Addiction in not merely the chronic use of something. Addiction rather involves compulsion, loss of control over the time and amount of the thing used, and continued use despite negative consequences. These consequences may range from impairment in physical, cognitive, psychological, emotional, social, and spiritual health (Landry 1994, p. 7). Drug addiction and alcoholism can begin with only a few “tries”. Depending on the “rush” or pleasurable sensation that happens to make a user tick, drug addiction and alcohol addiction over time is when the need for this sensation begins to consume a person’s mind, inhibits the ability to rationalize clearly, and becomes the very reason for which that person lives and thrives (Narconon Stone Hawk Rehabilitation Center 2006).

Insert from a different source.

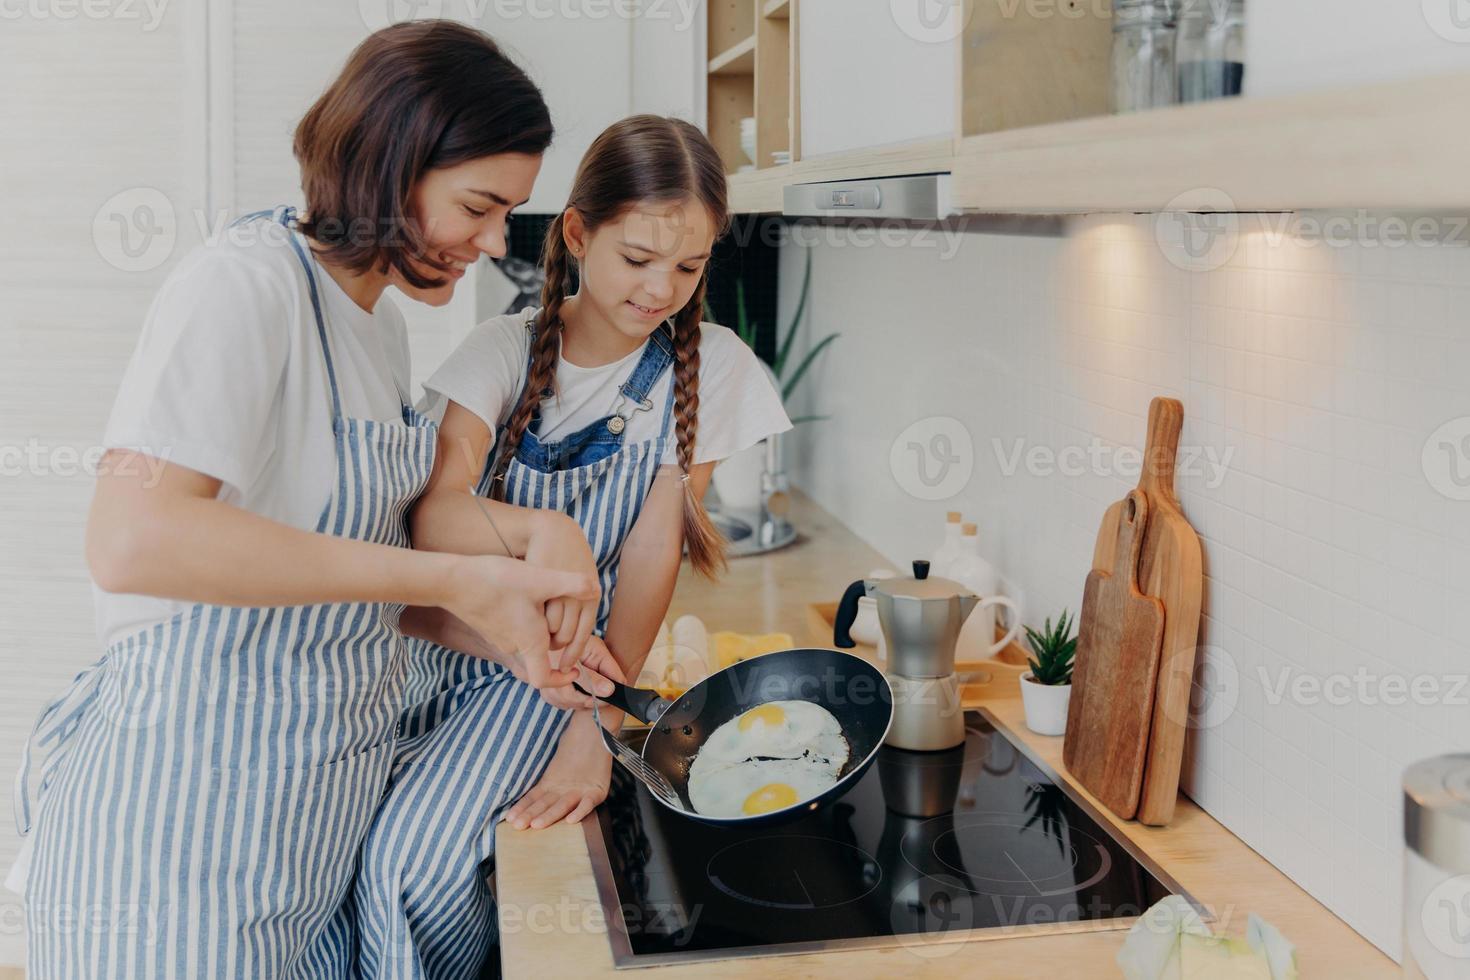 Busy mother and daughter wear striped aprons, pose at kitchen near cooker, fry eggs on pan, prepare fast breakfast, enjoy domestic atmosphere. Mum teaches small kid to cook. Happy family concept photo

Alcohol and Drug Addiction
According to Addiction Intervention Resources Inc. (2006) addiction, drug addiction, alcoholism and chemical dependency are all common clinical vernacular for dependence upon alcohol, drugs or other harmful behaviors. The word “drug” is defined as “a chemical substance that affects the central nervous system, causing changes in behavior and often addiction.” The symptoms of addiction include an inability to stop drinking or using drugs despite physical, mental, family, social, financial, legal, or other consequences. Those who are addicted to drugs or alcohol exhibit a strong craving, loss of control, physical dependence and tolerance (Alcohol/Drug Council of North Carolina 2005).

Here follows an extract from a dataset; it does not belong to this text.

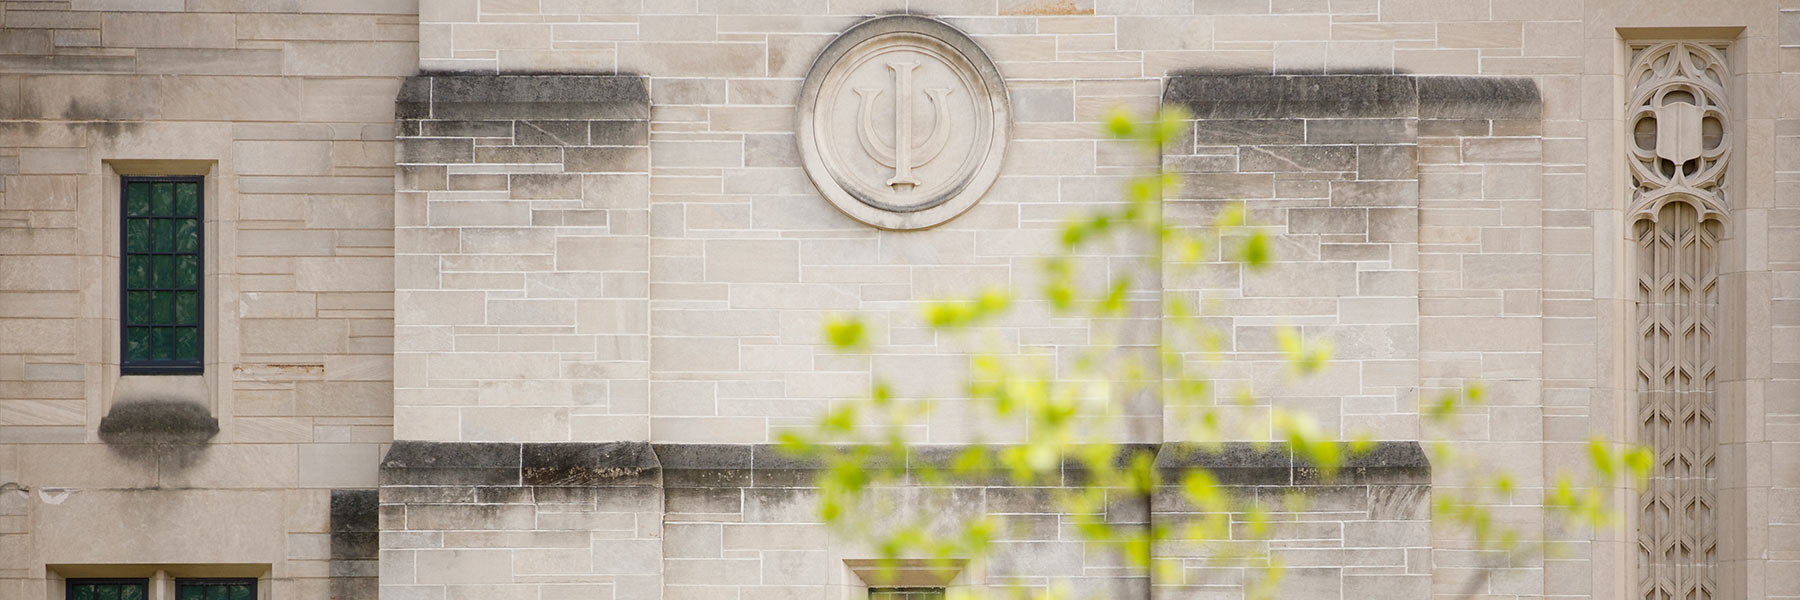 An Indiana University trident adorns the side of the IU Auditorium in spring

It is essential to understand that when dealing with addicts, we are dealing with individuals whose brains have been altered by alcohol, drug or behavioral abuse. Thus, they need addiction treatment (Addiction Intervention Resources 2006). Treatment is the most effective way to help an addict begin the life long journey of recovery. It removes the sufferer from the environment where they used alcohol and/or drugs and surrounds them with others who suffer from the same problems. Time in treatment can be short or long, but it provides a solid foundation for the process of change to begin (Alcohol/Drug Council of North Carolina 2005).
The Treatment Method
Millions of Americans are apparently “hooked”, not only on heroin, morphine, amphetamines, tranquilizers and cocaine, but also nicotine, caffeine, alcohol, sugar, and steroids. There seems no end to their dependencies, their bewildering intractability, the glib explanations for their causes and even more glib solutions (Rodgers 1994, p.1).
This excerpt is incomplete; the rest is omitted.